Tiers are cumulative — each tier includes everything below it. --tier accepts exactly one value per run.

--tier lite       →  5 checks   (Lite only)
--tier standard   → 13 checks   (Lite + Standard)
--tier advanced   → 25 checks   (Lite + Standard + Advanced)

Lite — 5 checks

The foundation.
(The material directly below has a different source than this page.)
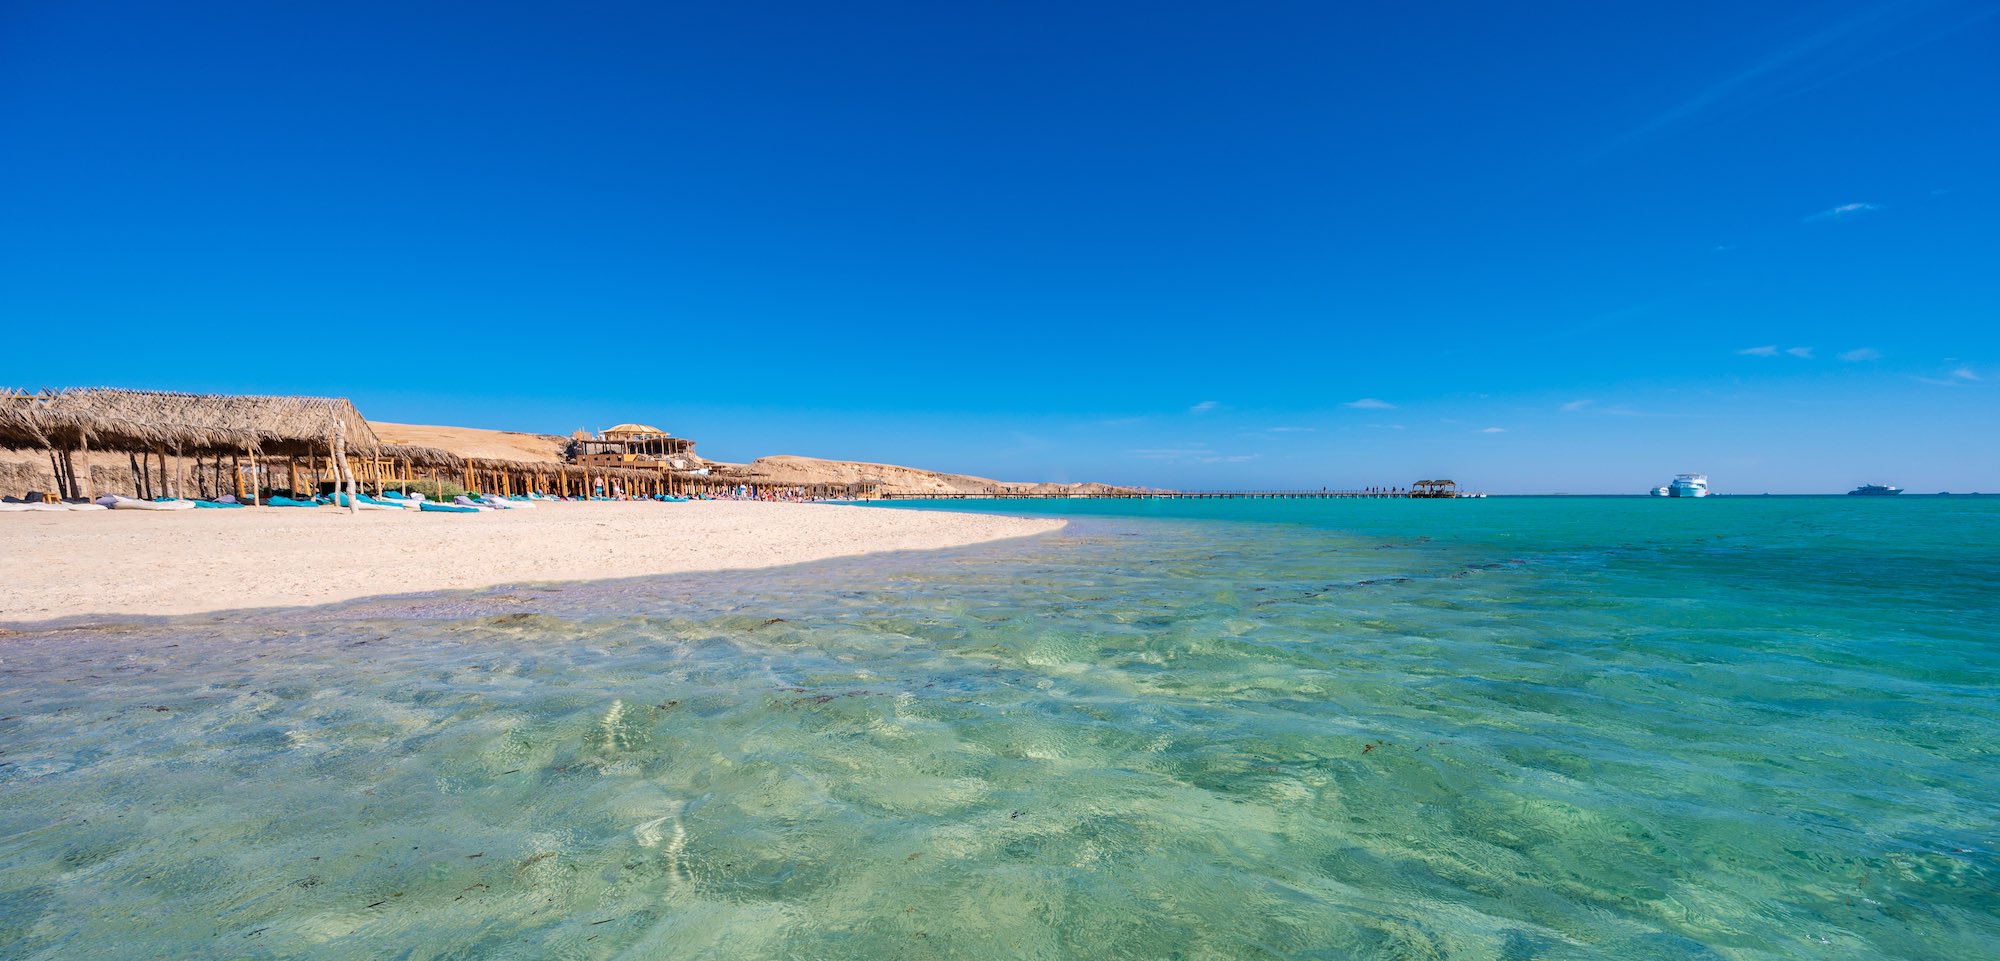 Giftun Island in der Nähe von Hurghada, Ägypten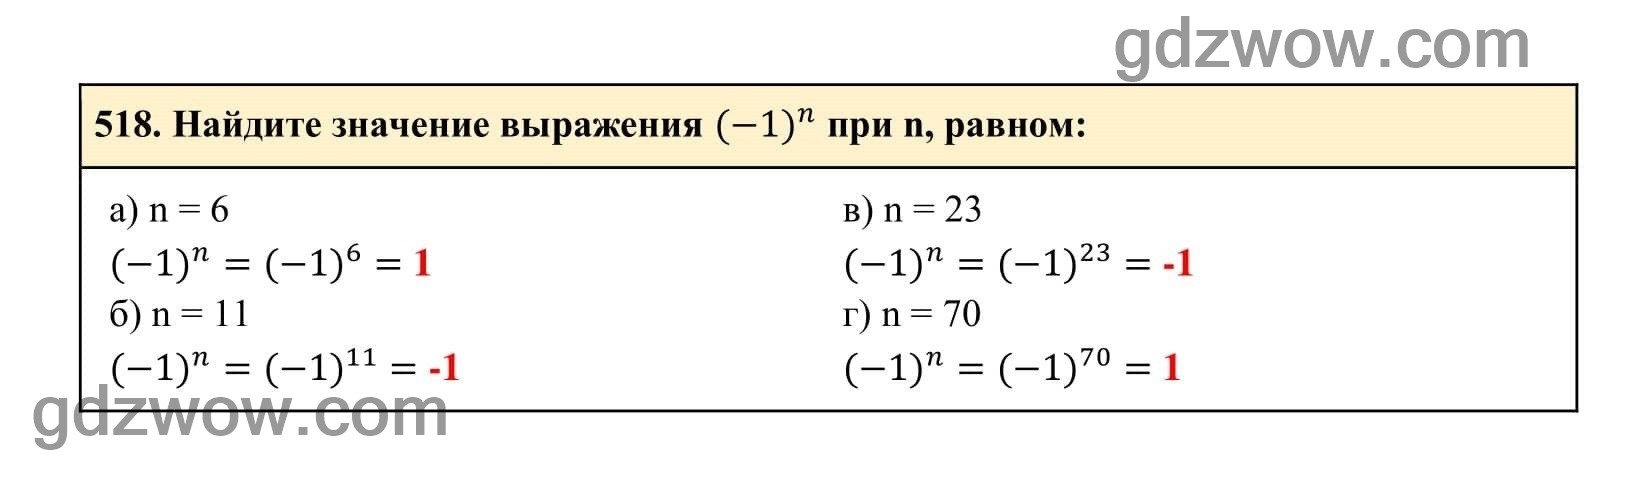 Упражнение 518 - ГДЗ по Алгебре 7 класс Учебник Макарычев (решебник) - GDZwow

Catches the most common data problems.

Check What It Catches
NullCheck NULL or None values in any column
PrimaryKeyCheck Duplicate or null primary keys
DuplicateRowCheck Fully identical rows
DataTypeCheck Values that can't be cast to expected type
NumericRangeCheck Numbers outside [min, max] bounds

Standard — 8 additional checks (13 total)

For production pipelines with SLAs and business rules.

Check What It Catches
RegexCheck Values that fail a regex pattern (e.g. email format)
DomainCheck Values outside an allowed set (e.g. status codes)
BusinessRuleCheck Row-level business logic violations
CrossColumnCheck Relationships between columns (e.g. end > start)
FreshnessCheck Data arriving outside expected time window
VolumeCheck Row counts outside expected range
OutlierCheck Statistical outliers via IQR method
ReferentialIntegrityCheck Foreign key values not in parent table

Advanced — 12 additional checks (25 total)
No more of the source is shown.